ADFC: In Freiburg hat z.B. vor wenigen Wochen der Gemeinderat die zukünftige Ausgestaltung der Anwohnerparkgebühren beschlossen. Je nach Länge, Breite, Höhe und Gewicht der Fahrzeuge wird der Anwohnerparkausweis dann bis zu 360 Euro pro Jahr kosten. Eine bundeseinheitliche Regelung, die einen Höchstsatz von 30,70 Euro pro Jahr vorsah, wurde letztes Jahr aufgehoben. An einer entsprechenden Verordnung, dass Kommunen die Anwohnerparkgebühren selbst festlegen dürfen, wird derzeit in der Landesregierung BW noch gefeilt. Freiburg ist jedenfalls schon vorbereitet.
Das hat jetzt aber gar nichts mit Radverkehr zu tun?
ADFC: Oh doch! Die Rahmenbedingungen zur Nutzung von privaten PKW beeinflussen die Anzahl von PKW pro Haushalt und diese wiederum den Stellenwert, der dem Auto oder eben dem Fahrrad in der Verkehrspolitik einer Stadt zukommt.
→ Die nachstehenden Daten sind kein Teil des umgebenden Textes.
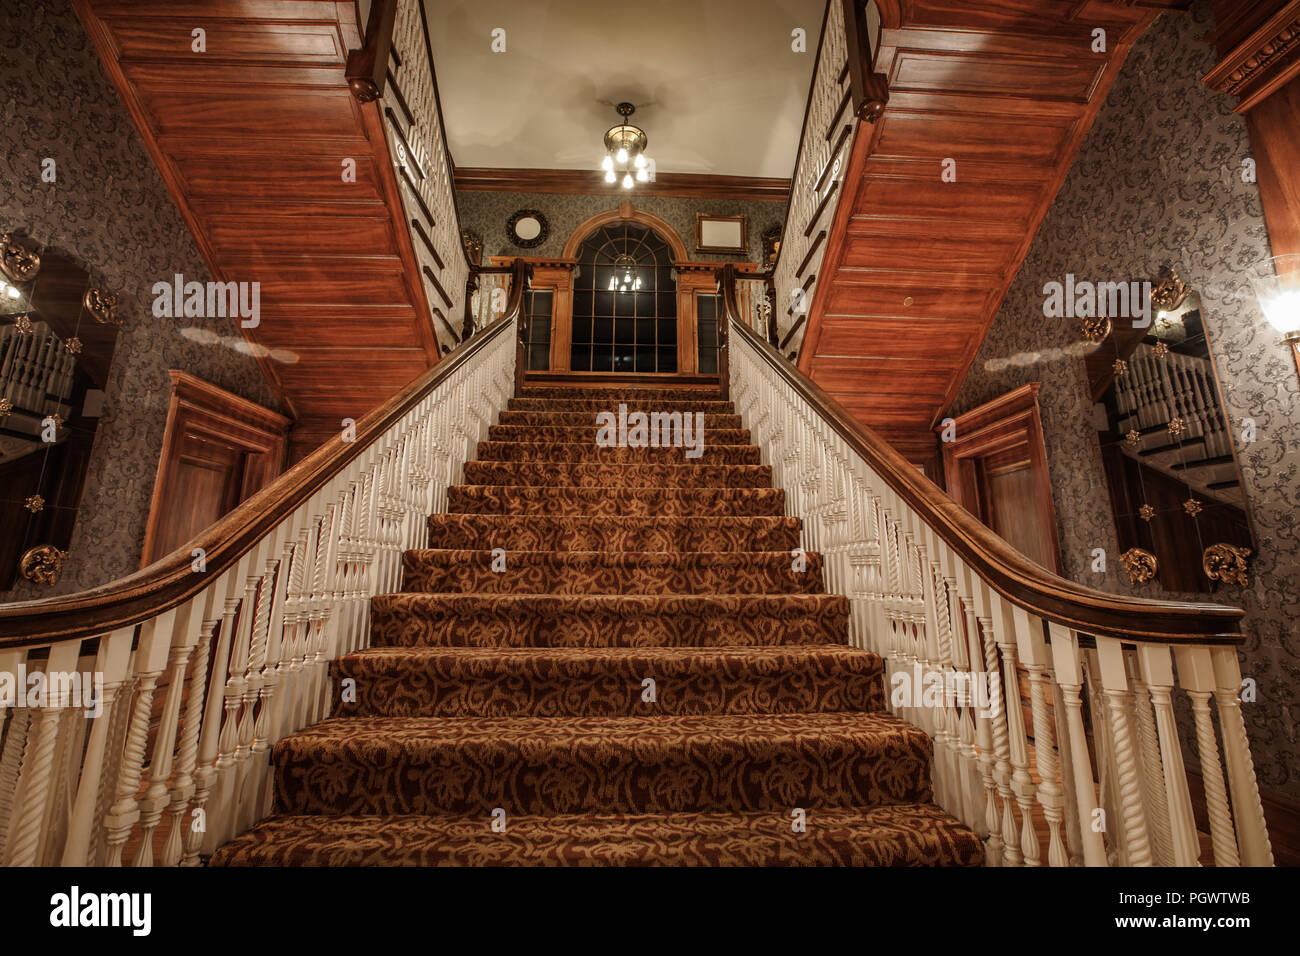 Dans l'escalier de l'Hôtel Stanley historique de Estes Park, Colorado. L' hôtel a été noté pour être l'inspiration pour le roman de Stephen King "The  Shining Photo Stock - Alamy

Und Vergleiche mit anderen europäischen Städten zeigen, dass der billigen Verfügbarkeit von Parkplätzen hierbei eine entscheidende Bedeutung zukommt.
Welche Zahlen zu den Zielen im Jahre 2035 schlagen Sie denn vor?
ADFC: Wir fordern eine Verdoppelung des Anteils des Radverkehrs. Bisher (2018) sieht die Zusammensetzung des Modal Split so aus: KFZ 40%, zu Fuß gehen 28%, Fahrrad 17% und ÖPNV 15%. 2035 soll es so aussehen: KFZ unter 20%, zu Fuß gehen 30%, Fahrrad über 30% und ÖPNV 20%. Es sollen Zwischenziele für die Jahre 2025 und 2030 formuliert werden. Maßnahmen, die schnell umgesetzt werden können, wie z.B. die Erhöhung der Anwohnerparkgebühren, werden vorgezogen. Aufwändige infrastrukturelle Maßnahmen, die planerischen Vorlauf und ggf. Bauzeit benötigen, erfolgen etwas später.
Wie kommen Sie auf diese Zahlen?
ADFC: Es gibt schon ähnliche Vorgaben des Landes, an denen sich die Stadt orientieren sollte. Dann gibt es Vergleiche mit anderen Städten: Amsterdam hat mit 822.000 Einwohnern diese Prozentwerte schon heute. Weiterhin die zu erwartenden Vorgaben zum Klimaschutz im Verkehrssektor vom Bund und schließlich: die Aufenthaltsqualität in der Stadt wird sich erhöhen und die Mannheimer werden im Schnitt durch die häufigere Bewegung gesünder sein als heute. Das ist doch eine gute Sache!